Since then, we have extended our technology to cope with much shorter inputs, such as the names of recording artists or titles of music tracks. Such items generally lack any obvious structure or redundancy, yet we can still offer access to over a million of them. It has even turned out that our approach can be successfully applied to allow virtually free-form entry to a speech-to-speech interpreter.
Also, we initially offered technology only for server-based or PC-based applications. More recently, we have extended our technology to applications on hand-held devices using ARM/XSCALE processors.
Finally, our technology was initially confined to English but we are steadily extending it to other languages. We added Korean last year and are now adding Japanese.
What is your strategy for addressing market opportunities and partnerships?
As is the case for most emerging technologies, speech technology is not enough in itself to create a market with sustained growth. The value of speech technology lies in of its contribution to an overall product or service that includes speech technology.
Our strategy is to create and exploit market opportunities by first studying the potential impact of a product or service in a market segment, selecting a small number of key players as partners, and working closely with each partner to develop an outstanding application.
This approach of application-specific technology and product development through close partnership—rather than offering complete applications or services ourselves—reflects our intention to avoid competing with our partners and customers. Our preferred business model is revenue sharing, but we are open to alternatives.
Please outline how your technology supports the Verizon Wireless Get It Now search application (SSN, May 2007, p. 6), and how the public has accepted that application.

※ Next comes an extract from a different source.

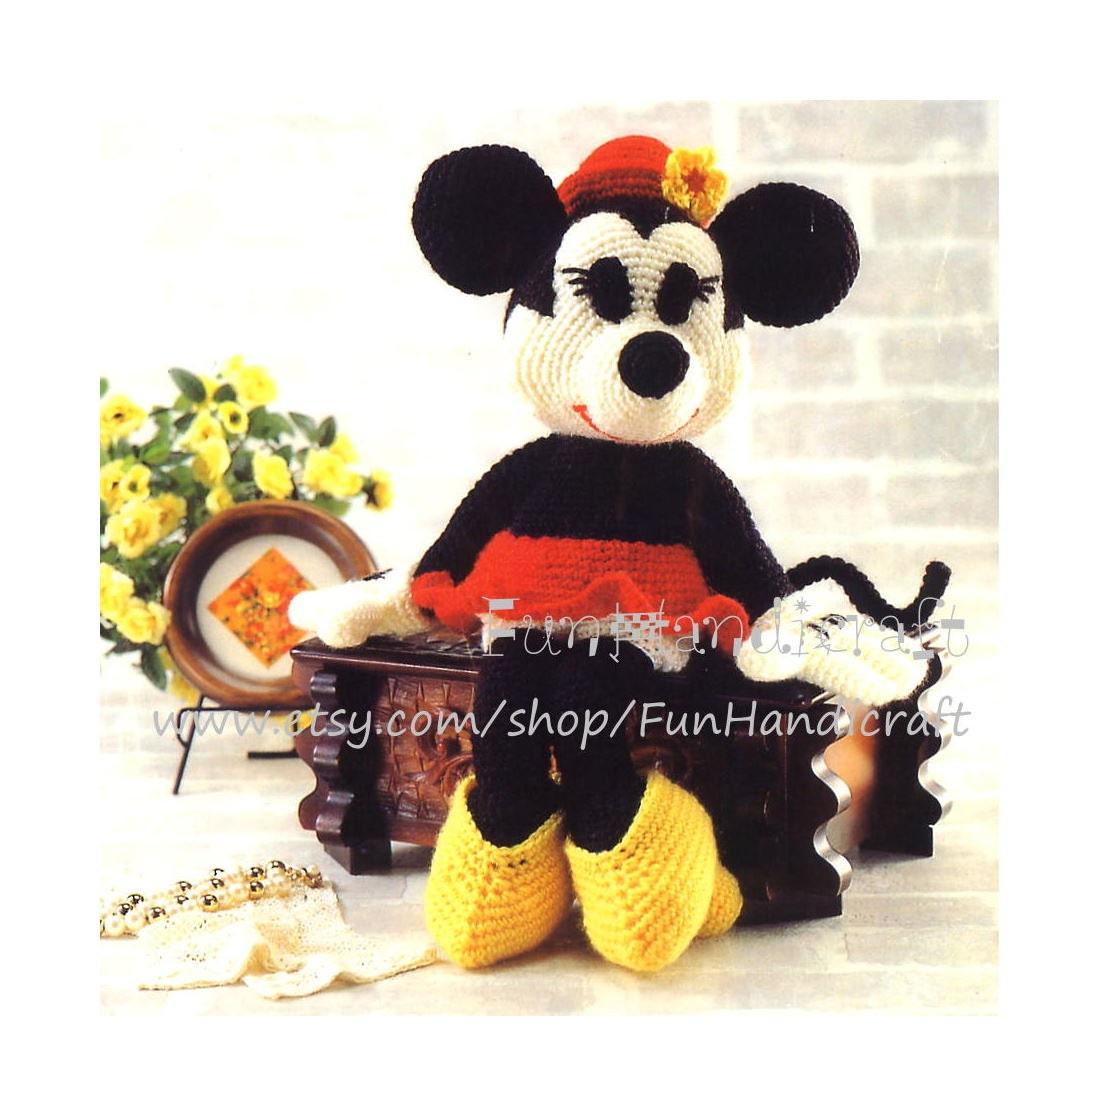 Minnie Mouse Amigurumi Crochet Pattern : Disney Minnie Mouse Amigurumi Pattern in English by ...

The Get It Now Search application lets Verizon Wireless subscribers specify and download musical items, games, etc, from a large Verizon catalog either by speaking the item that they want or by keying it in. The application is run by Medio Systems, Inc. Inc. They host the service, and return to the user items being requested. They also handle the search when the request is keyed in. When the request is spoken, it is passed to a server running our NovaSearch software, which returns to Medio’s server a list of matches to what was spoken together with the associated probabilities and sometimes some comments on the signal characteristics.
I think we can say that the application has been well accepted by the public for the following reasons: there are now millions of users who regularly make search requests; and the number of users and search requests is growing, as is the proportion of callers who choose voice as their input mode. In addition, I’m very pleased to tell you that a new version of Get It Now Search has been launched recently (Aug 22, 2007). This version now supports voice search and downloading of full MP3 tracks in the entire VCAST Music catalog (about 1.5M items), in addition to the existing Get It Now content.
How do you see your market opportunity expanding?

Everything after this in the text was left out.